# Watching animal extractors



## Neeko (Aug 19, 2011)

Its amusing how people claim that they are being invaded by rattle snakes or crocks, etc. When they were there first and they landscape their yard into a perfect habitat.


----------



## JohnMatthew (Aug 19, 2011)

Someone in my town got bit by a rattlesnake last week.. He intentionally ran it over twice, then when he got out of his truck to throw the "dead" snake off the road it tagged him. The fault lay completely on this clown of a man but it just ends up as more bad press for snakes, people make me so angry sometimes. I also have relatives that kill any and all snakes on their land because they're too lazy to educate themselves or even let me teach them a thing or two.
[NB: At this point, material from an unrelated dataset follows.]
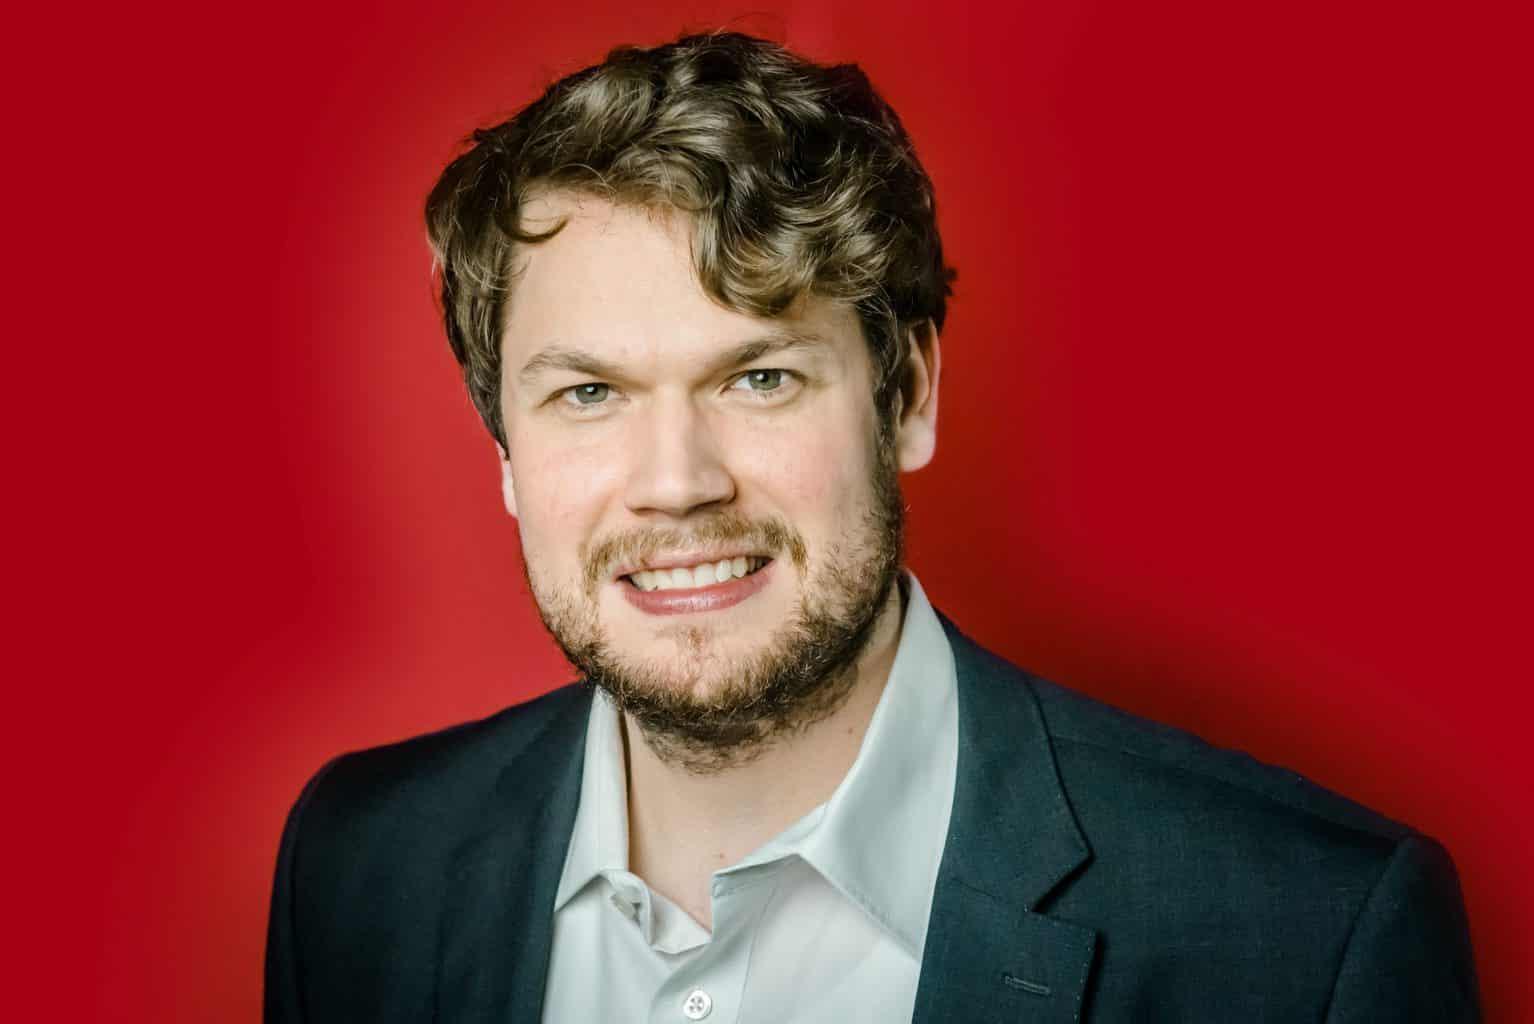 Christopher Hagenacker

It's only a matter of time before they take out an eastern indigo. As sad a day as that will be I'll happily be calling FWC on their stupid butts.


----------



## kevinandrew (Sep 7, 2011)

The Animal Extractors investigates what happens when the boundaries between cities and natural habitats blur, and creatures of all kinds.Featuring a variety of experts who risk their lives on the front lines of wildlife recovery and control. The Animal Extractors respond to a range of unusual and often dangerous situations.


----------



## laurarfl (Sep 7, 2011)

Like here in FL when people move here, build next to lakes and rivers, then complain because of the alligators. <slaps forehead>. Or get pricey lots that butt up to the wildlife preserve and freak out over black bears. "We want to be close to wildlife, but don't want any actual wildlife to cross our lot line."


----------



## Rhetoric (Sep 7, 2011)

JohnMatthew said:


> Someone in my town got bit by a rattlesnake last week.. He intentionally ran it over twice, then when he got out of his truck to throw the "dead" snake off the road it tagged him.



Hmmm, karma much? LOL.


----------



## kellen.watkins (Sep 7, 2011)

Lol some ppeoples kids


----------